(DATA BELOW)

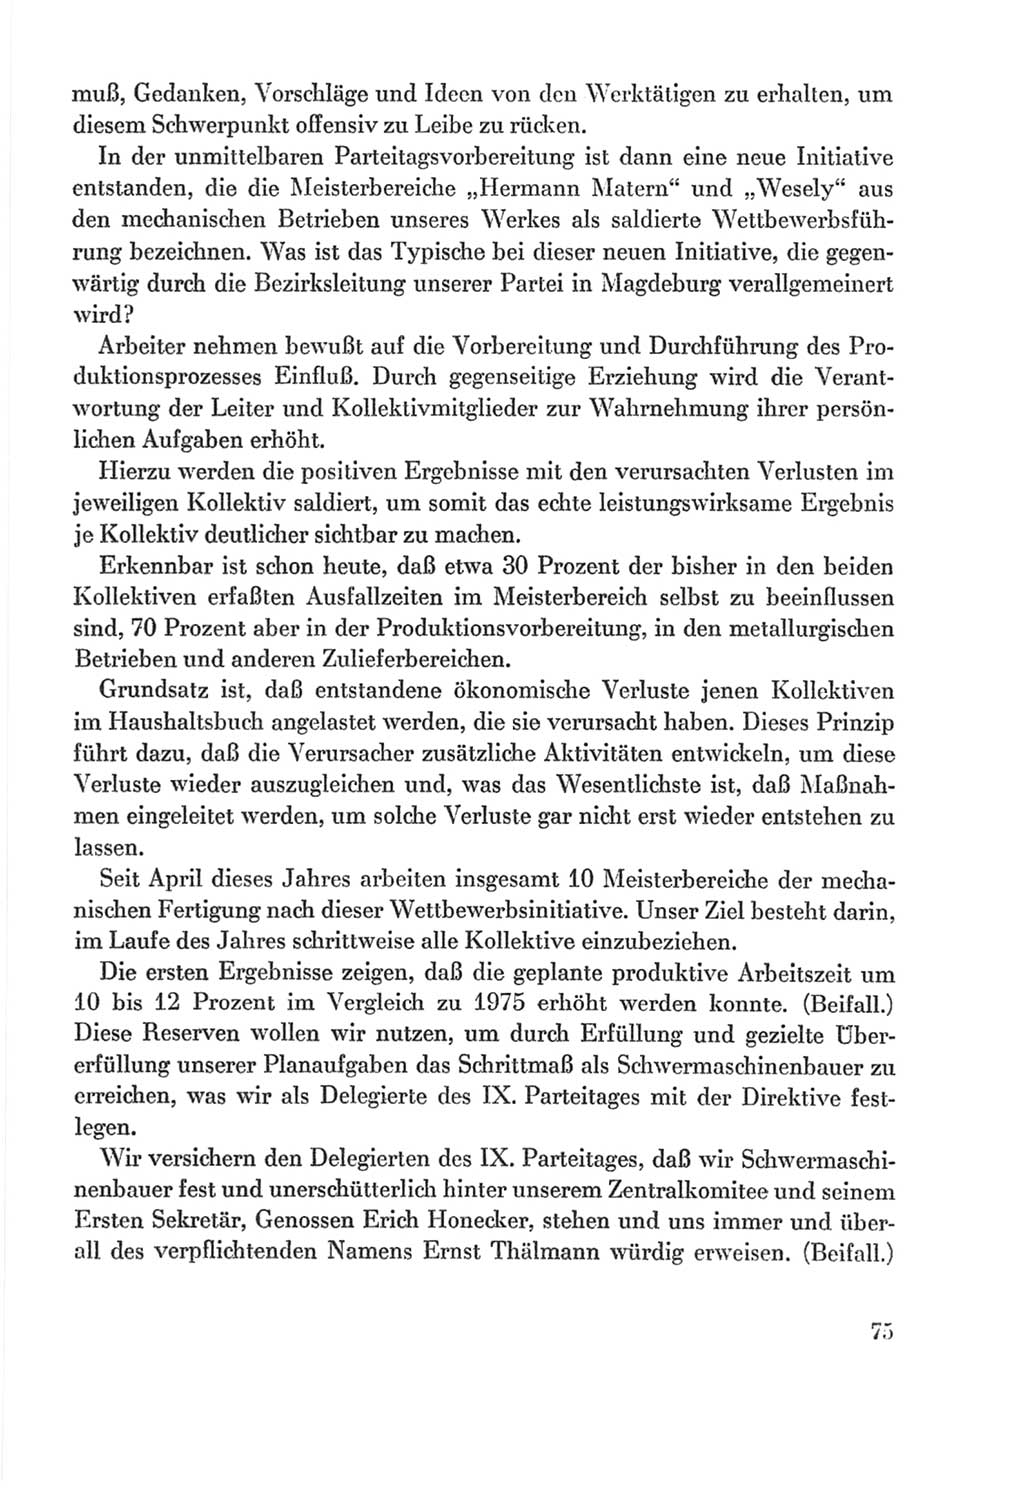 Protokoll der Verhandlungen des Ⅸ. Parteitages der Sozialistischen Einheitspartei Deutschlands (SED) [Deutsche Demokratische Republik (DDR)] 1976, Band 2, Seite 75 (Prot. Verh. Ⅸ. PT SED DDR 1976, Bd. 2, S. 75)
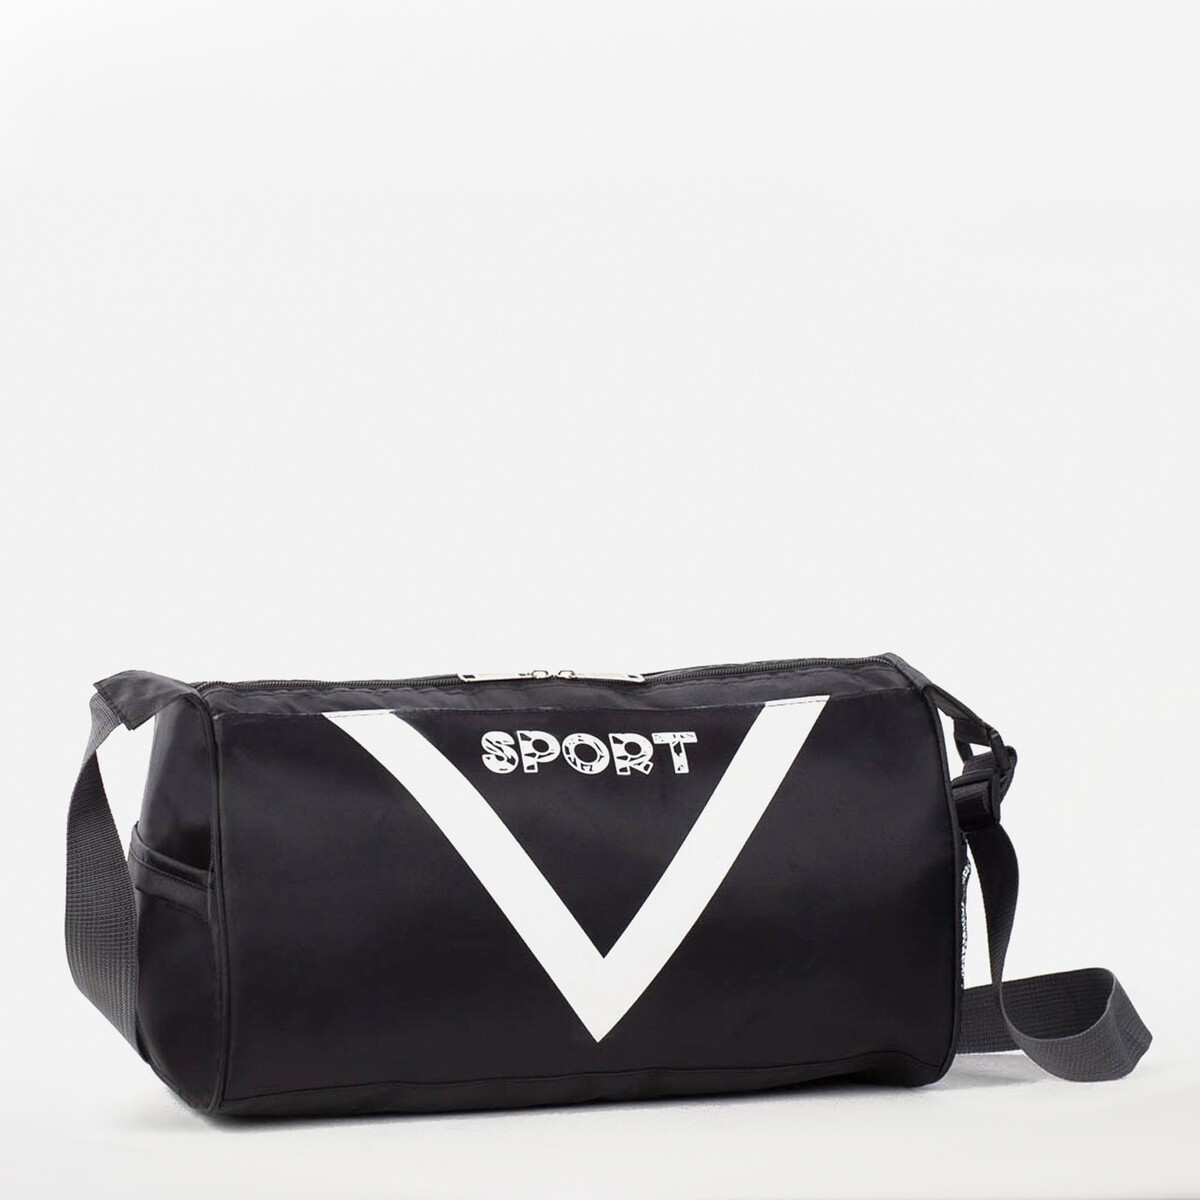 Сумка спортивная, отдел на молнии, боковая сетка, длинный ремень, цвет черный сумка спортивная отдел на молнии боковая сетка длинный ремень
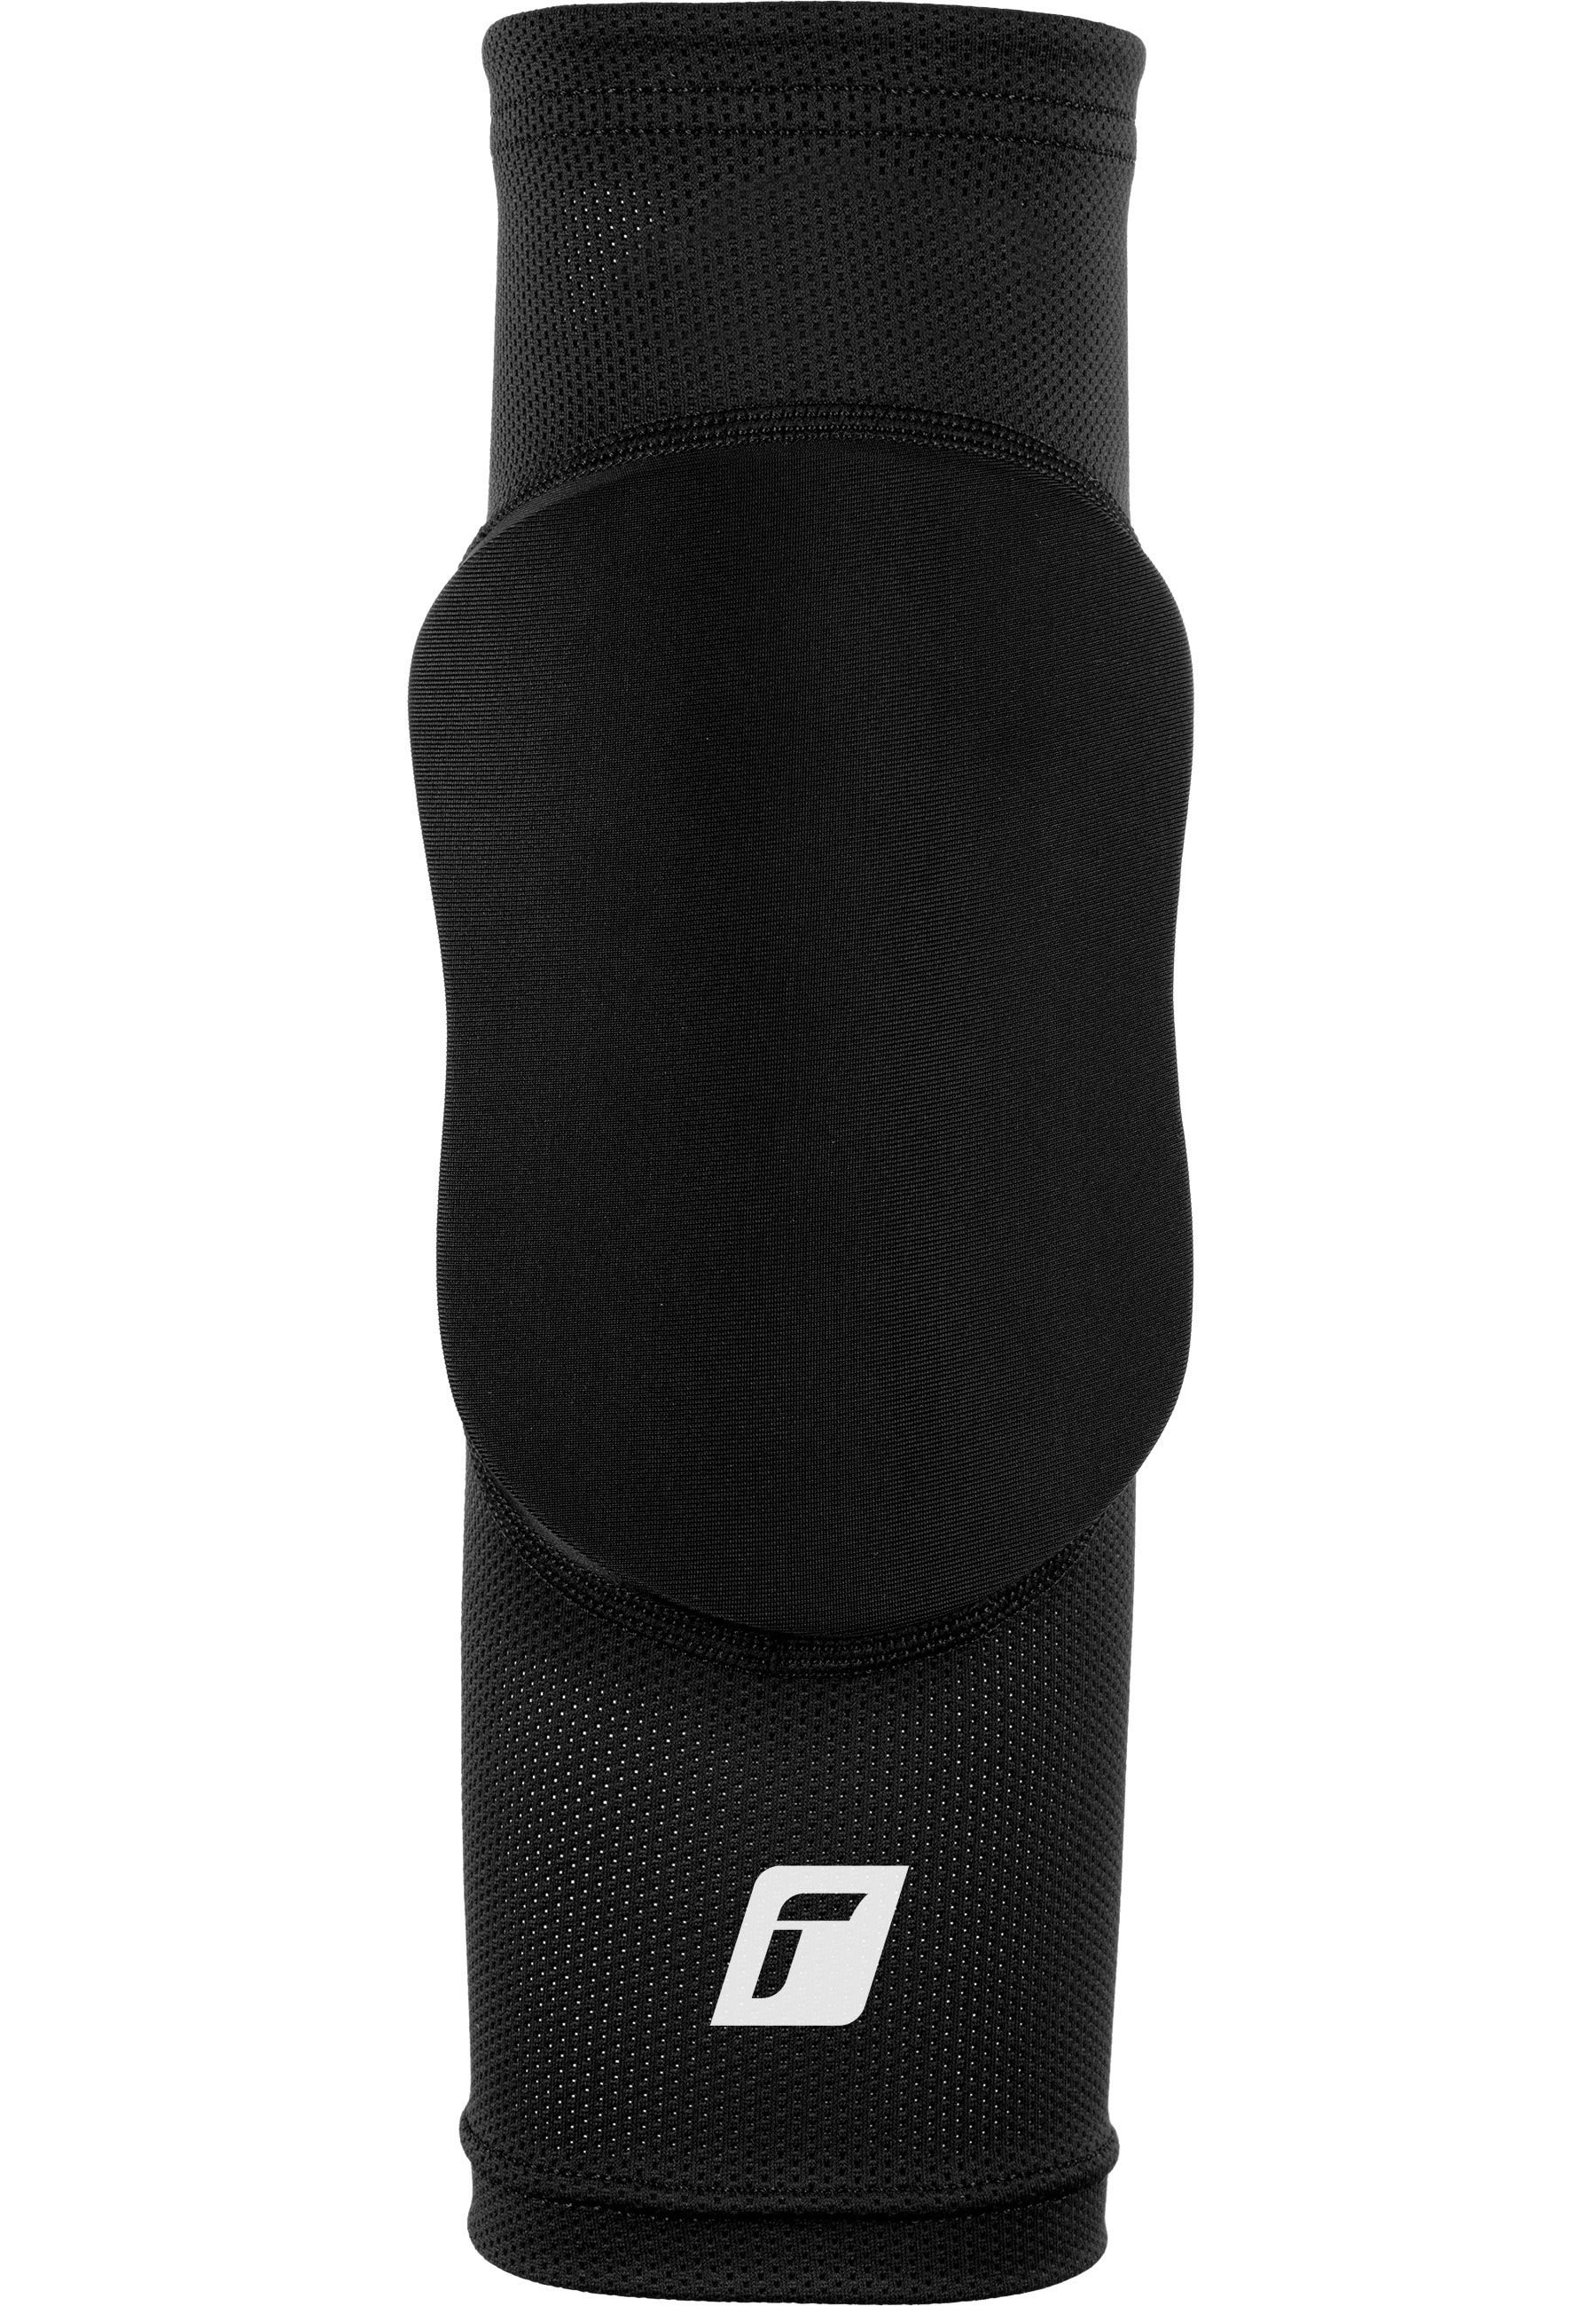 Reusch Knieprotektor »Knee Protector Sleeve«, für optimale Bewegungsfreiheit

(End DATA BELOW)

*TASK DESCRIPTION:*
Would you write out the material above in full, exactly as given, except for its pictures?

*RESULT OF THE TASK:*
 Protokoll der Verhandlungen des Ⅸ. Parteitages der Sozialistischen Einheitspartei Deutschlands (SED) [Deutsche Demokratische Republik (DDR)] 1976, Band 2, Seite 75 (Prot. Verh. Ⅸ. PT SED DDR 1976, Bd. 2, S. 75)
 Сумка спортивная, отдел на молнии, боковая сетка, длинный ремень, цвет черный сумка спортивная отдел на молнии боковая сетка длинный ремень
 Reusch Knieprotektor »Knee Protector Sleeve«, für optimale Bewegungsfreiheit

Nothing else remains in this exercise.